Vista Outdoor announced on Dec. 12 that the period for filing protests against the proposed sale of its Sporting Division to Czechoslovak Group a.s. (CSG)—under the Hart-Scott-Rodino Antitrust Improvements Act of 1976—had expired. Closure of that period without any official complaint clears yet another of the complex hurdles faced by major companies selling or purchasing sizeable firms. In this case it involves ownership change of a group of ammunition manufacturing legends that includes Federal, CCI, Speer, Remington Ammunition and others.
The agreement with CSG is expected to close in calendar year 2024, according to the Vista Outdoor press release. The transaction does, however, remain subject to receipt of the remaining required regulatory approvals, which include approvals from the Committee on Foreign Investment in the United States and Vista Outdoors stockholders, as well as other customary closing conditions.
CSG isn’t the only company that has made an offer, however.
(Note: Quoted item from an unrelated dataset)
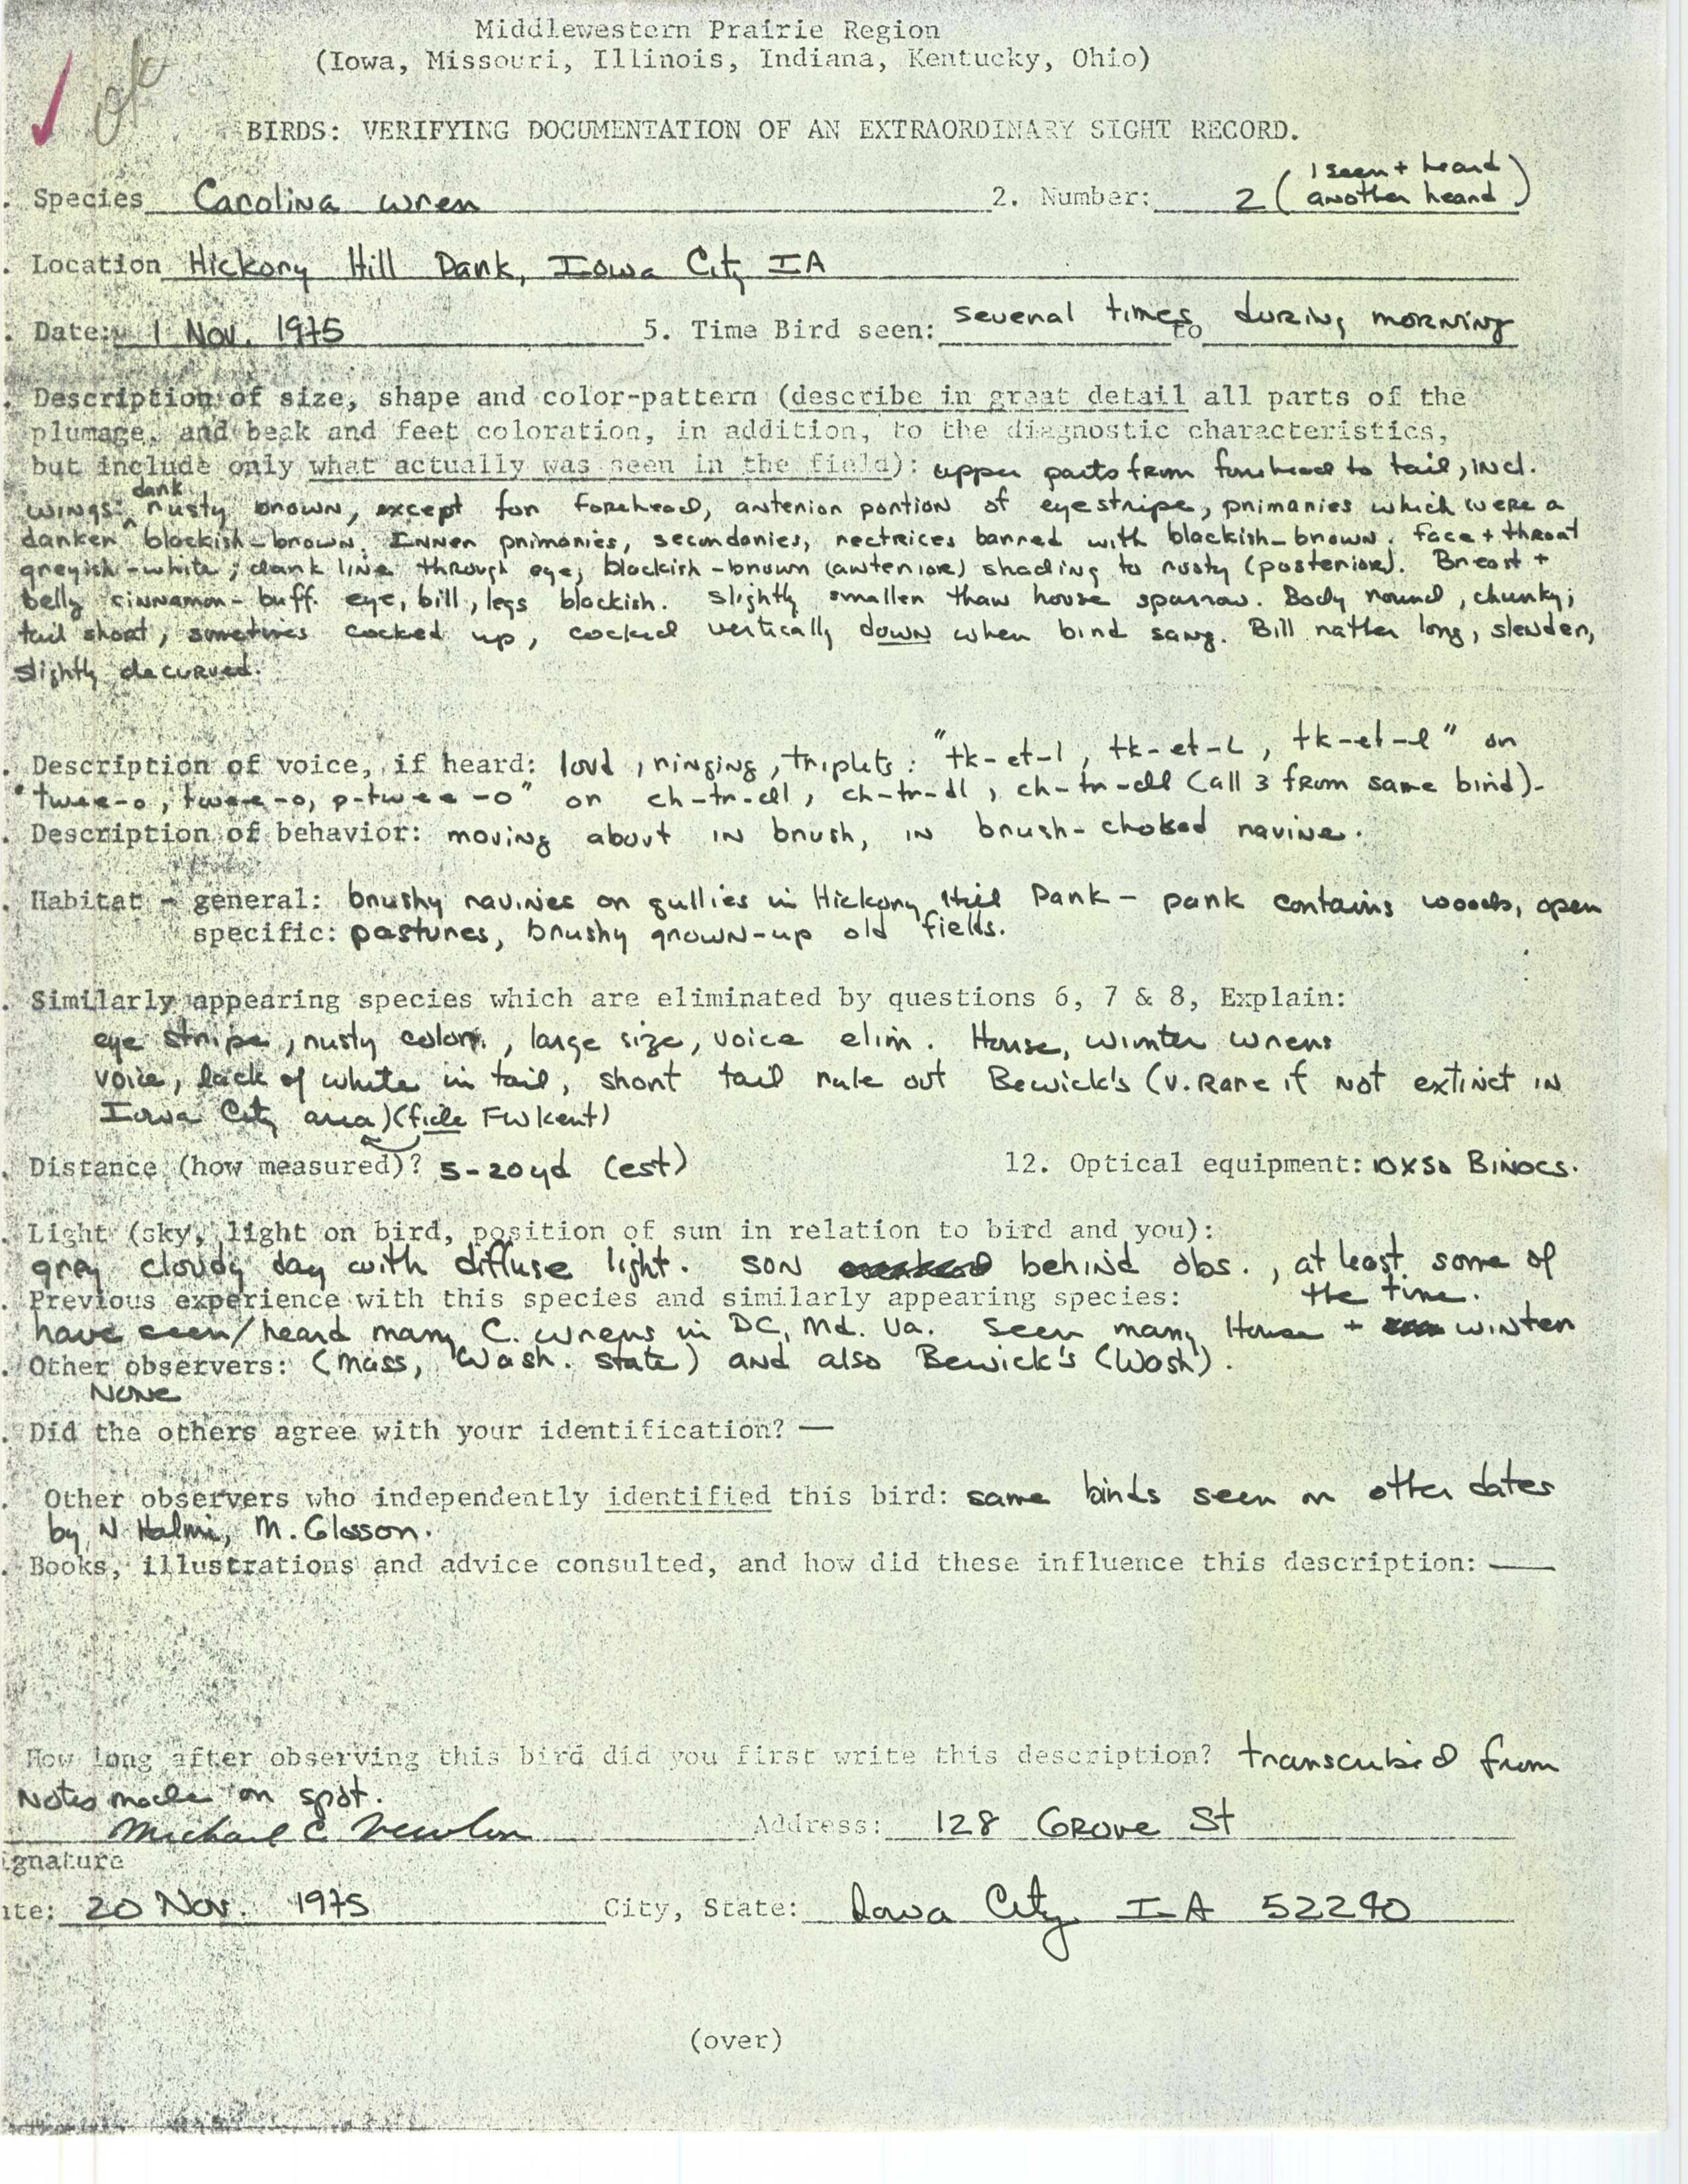 Rare bird documentation form for Carolina Wren at Hickory Hill Park, 1975

Colt CZ Group submitted an unsolicited proposal to merge with Vista Outdoor in mid-November. The Vista Outdoor Board of Directors—after consultation with its financial and legal advisors—rejected it a few days later, noting CSG’s original offer to purchase the group of famed ammunition and component companies for roughly $1.91 billion was financially more sound.
A letter sent to Colt CZ from the Vista Outdoor Board explained, “The Board of Directors has determined that the November 22 Proposal would not be more favorable to Vista stockholders from a financial point of view than the transactions contemplated by the CSG Merger Agreement and does not provide a basis for engagement with Colt CZ. The Board of Directors is therefore rejecting the November 22 Proposal.”
“This determination by the Board of Directors was based on a number of factors, including that: the purported value of $30 per Vista share in the November 22 Proposal significantly undervalues Vista; the November 22 Proposal does not provide adequate detail to determine whether the proposed transaction actually values Vista at $30 per share; the November 22 Proposal does not take into account the significant stockholder value that is expected to be created by the separation of the Outdoor Products and Sporting Products segments of Vista into two independent companies, each with its own dedicated strategic focus, enhanced ability to attract and retain top talent, tailored capital allocation philosophy, and set of competitive advantages…”
The board also expressed concerns about financing, lack of transition details and a variety of other items that led to the refusal of the Colt CZ proposal.
The Vista Outdoor Board is continuing its recommendation to follow through on the definitive agreement sell its Sporting Products business to CSG.